0
votes

I am using AWS EMR 5.0, Spark 2.0, Scala 2.11, S3 - encrypted with KMS(SSE-custom key), Parquet files. I can read the encrypted parquet files - no problem. However, when I write, I get a warning. Simplified code looks like:

val headerHistory = spark.read.parquet("s3://<my bucket>/header_1473640645")
headerHistory.write.parquet("s3://<my bucket>/temp/")

but generates a warning:

16/09/15 13:11:11 WARN S3V4AuthErrorRetryStrategy: Attempting to re-send the request to my bucket.s3.amazonaws.com with AWS V4 authentication. To avoid this warning in the future, please use region-specific endpoint to access buckets located in regions that require V4 signing.

Do I need an option?
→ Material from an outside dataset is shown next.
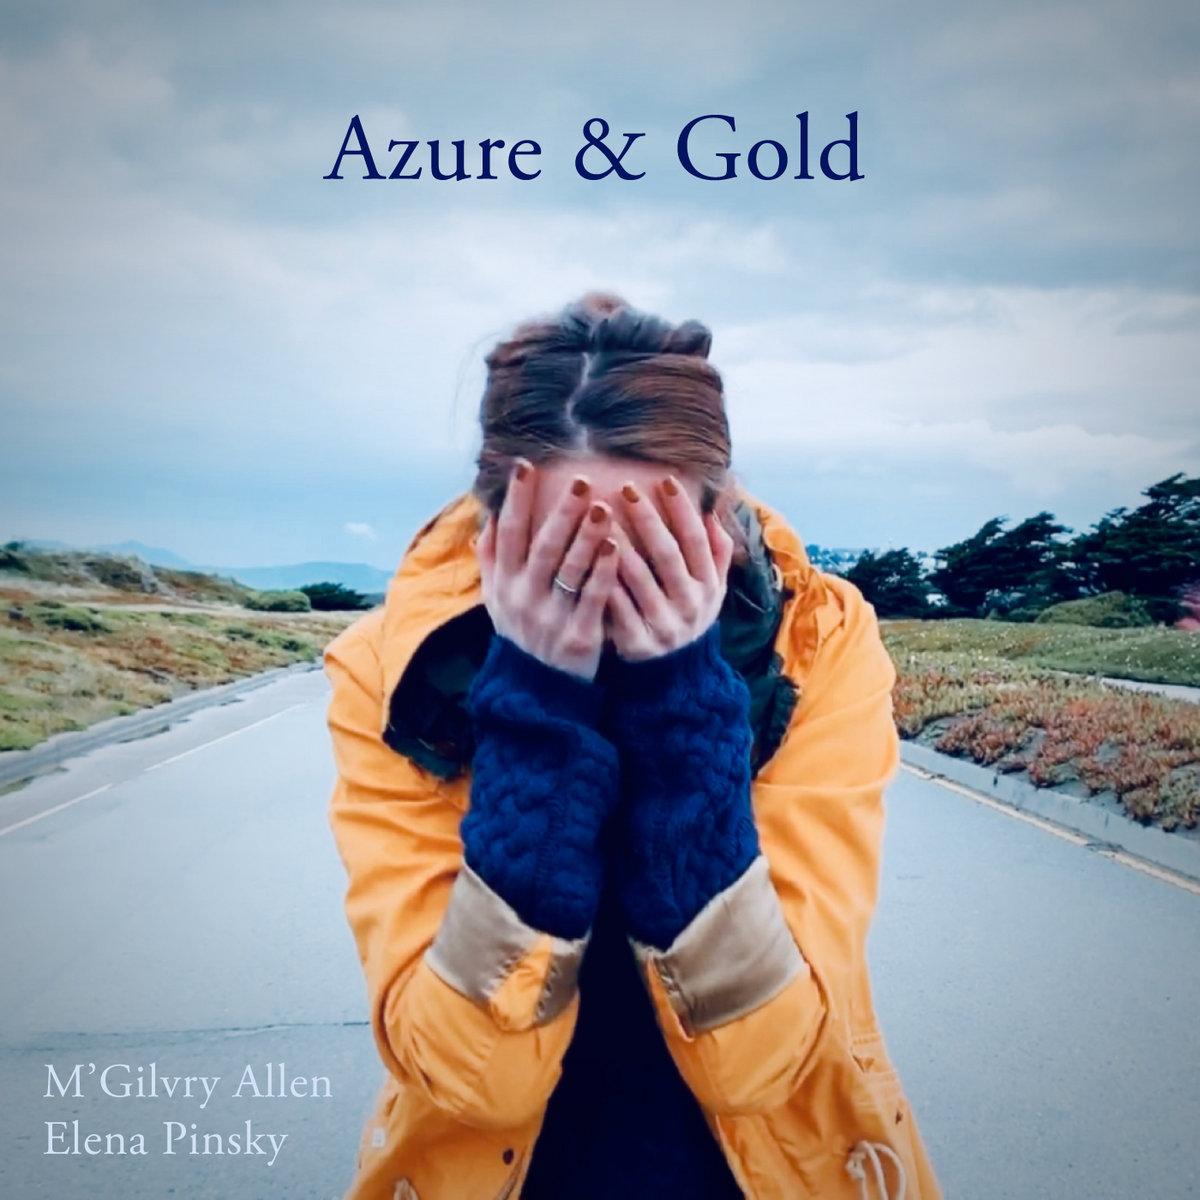 Azure & Gold (feat. Elena Pinsky) by M'Gilvry Allen

Do I need to set some environment variable?

1

1 Answers

1
votes

Thank you for providing additional details.

Yes, it is a known issue with KMS+SSE when using EMRFS(library under the hood for s3 communication).
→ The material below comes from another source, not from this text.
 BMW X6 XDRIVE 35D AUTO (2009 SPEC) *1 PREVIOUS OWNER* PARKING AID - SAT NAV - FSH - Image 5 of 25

The problem was when server side encryption + kms is enabled, the s3client in emrfs crafted request without specifying the signer type. In a conservative way, s3 would try V2 initially, and then retry with V4 if first attempts failed. Such behavior will slow down the overall process. EMRFS will be patched to specify using V4 at first attempt, this should be fixed in the next EMR release.

As mentioned, it doesn't break the job.

Please keep an eye for coming emr-5.x (no ETA)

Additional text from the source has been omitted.